Estamos no final da segunda década de 2000, antes da pandemia, o contexto que se vive no mundo e na Margem Sul, onde vivem, é-nos recordado: a violência no Brasil de Bolsonaro, a revolta dos coletes amarelos em França, o surgimento de um partido de extrema-direita em Portugal, as incursões racistas da polícia no Bairro da Jamaica. Observador atento aos pormenores, “às miudezas” (pág. 72), sentado no Café Colina, José Viriato atenta no envelhecimento das pessoas e na triste realidade de que “destratar os velhos se tornara costumeiro” (pág. 76) o que lhe traz sentimentos de culpa, ele também pouco atento e nada presente na vida da avó, “alguém na prateleira” (pág. 78), a viver sozinha em Mafra.

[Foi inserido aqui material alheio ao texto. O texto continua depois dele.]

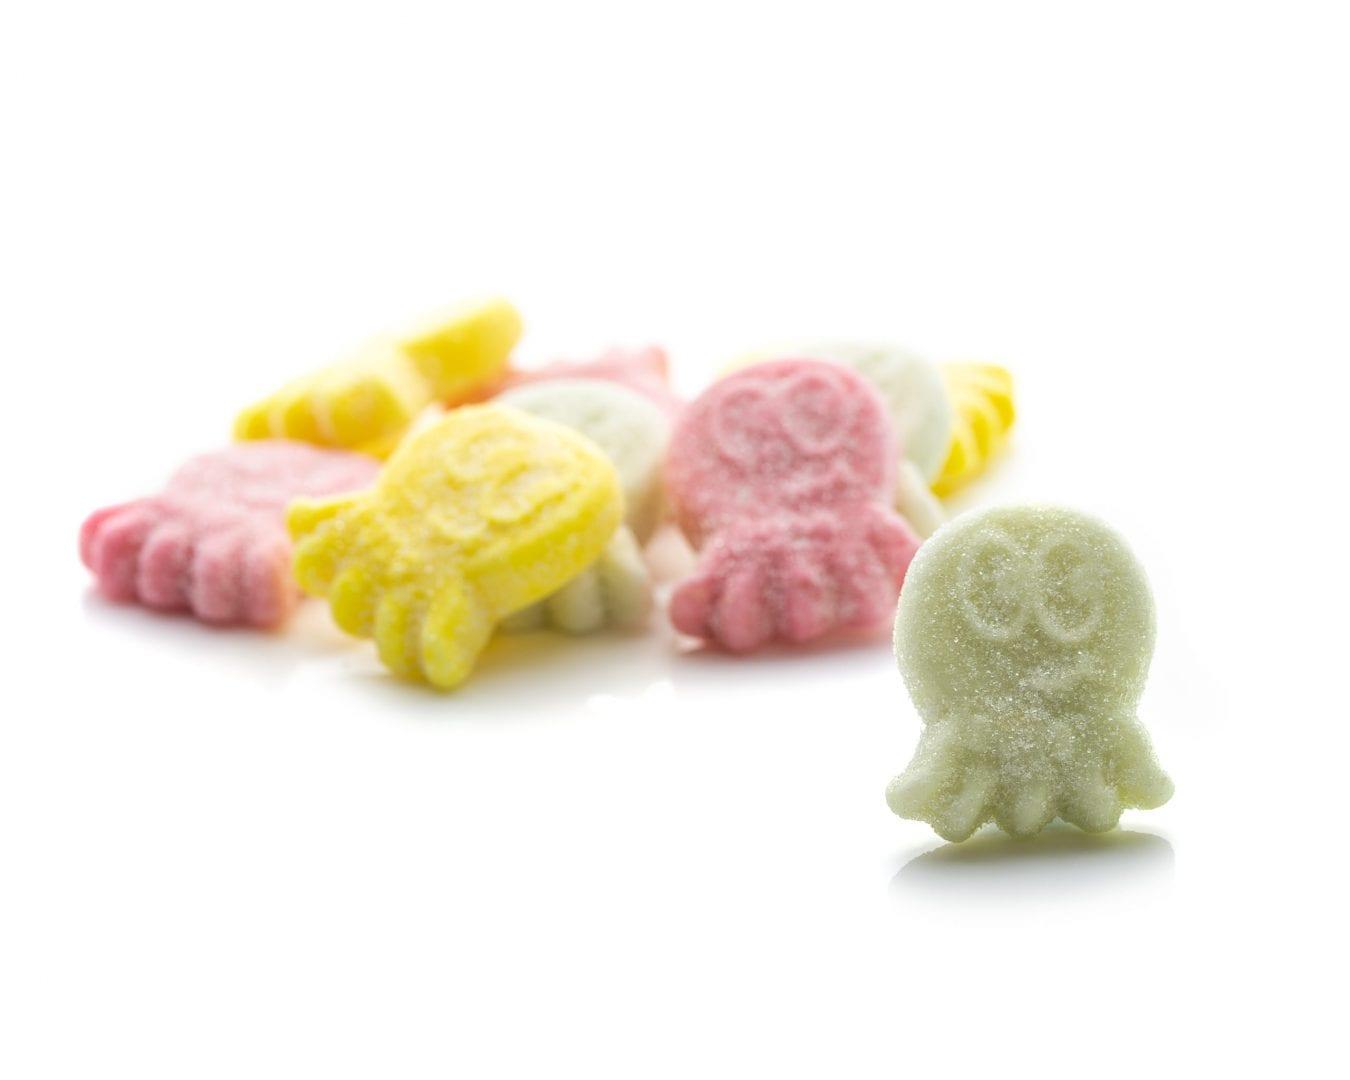 Eat Liquorice - Octopus Sours Vegan Vegetarian Gluten Free Palm Oil Free Soya Free Swedish Jellies Bubs
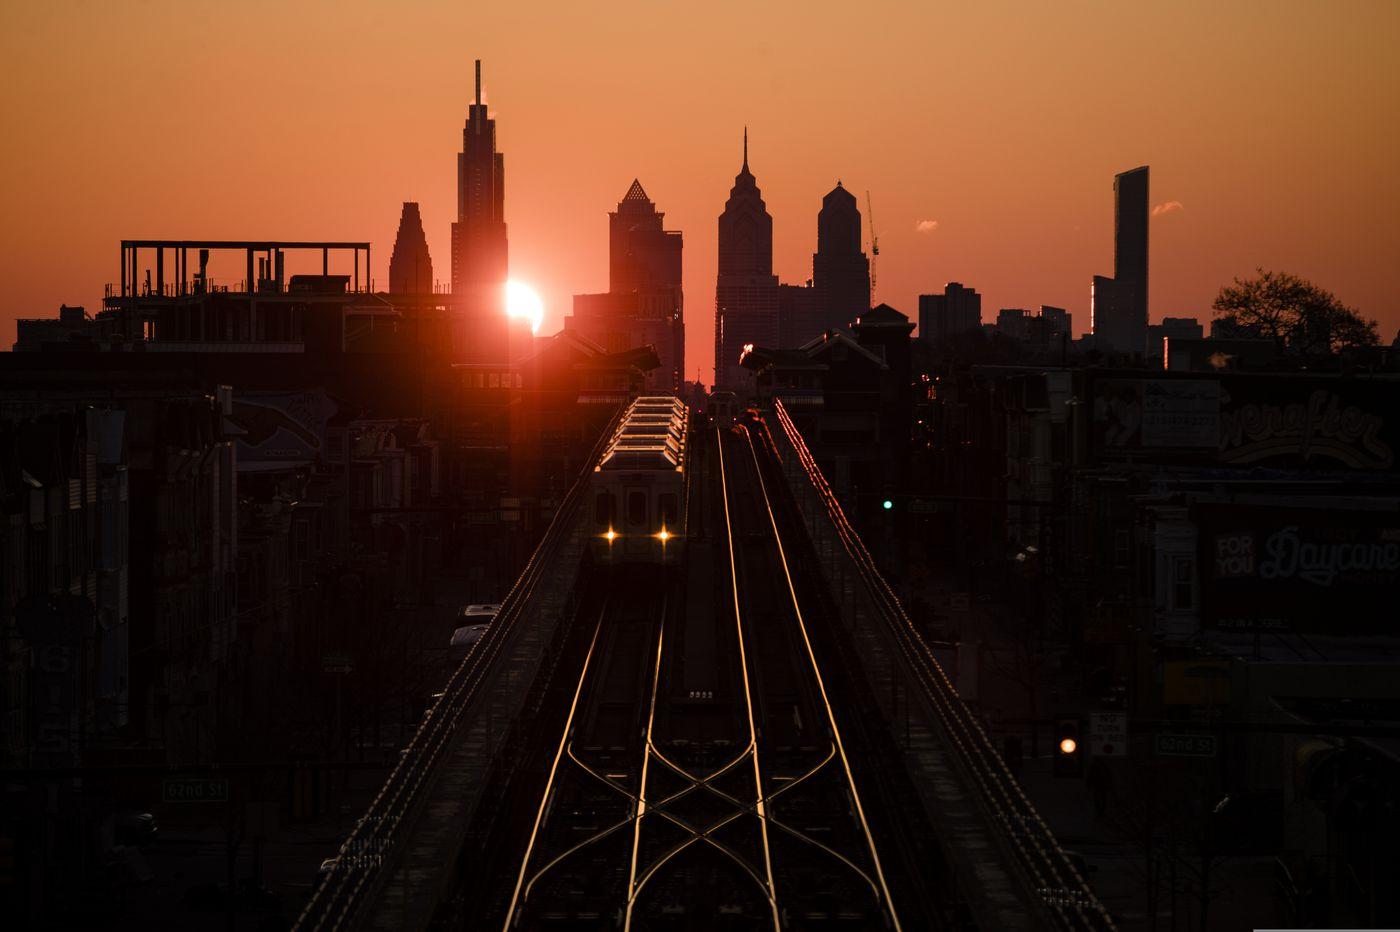 Philadelphia's next challenge: Stemming the tide of America's new urban crisis | Opinion

As suas histórias que estes dois solitários vão partilhar um com o outro vão-nos sendo desvendadas em flashbacks e igualmente esses episódios das suas vidas vêm agarrados à história, aos tempos a seguir à revolução, as eleições presidenciais, os retornados, os anos 80 e a droga. E se o passado foi decisivo para o que eles são na actualidade, o título do terceiro e último capítulo do romance – “O passado acabou” – é o apaziguamento de duas pessoas que conseguiram ultrapassar a sua solidão, apoiando-se, sem deixarem de ser livres e independentes.

Uma bela história de superação. E de esperança. Nada escrevi aqui sobre Cristo, o primeiro cão de José Viriato e sobre a relação entre eles, tão importante em momentos difíceis no desenrolar da sua adolescência. Fico-me por algumas citações: “Ele não era a minha sombra, mas uma parte de mim” (pág. 153), “Os cães eram a única prisão na qual queria viver” (pág. 239), “O Cristo e o lenço da minha mãe foram a única bagagem que carreguei para casa da minha avó.” (pág. 203).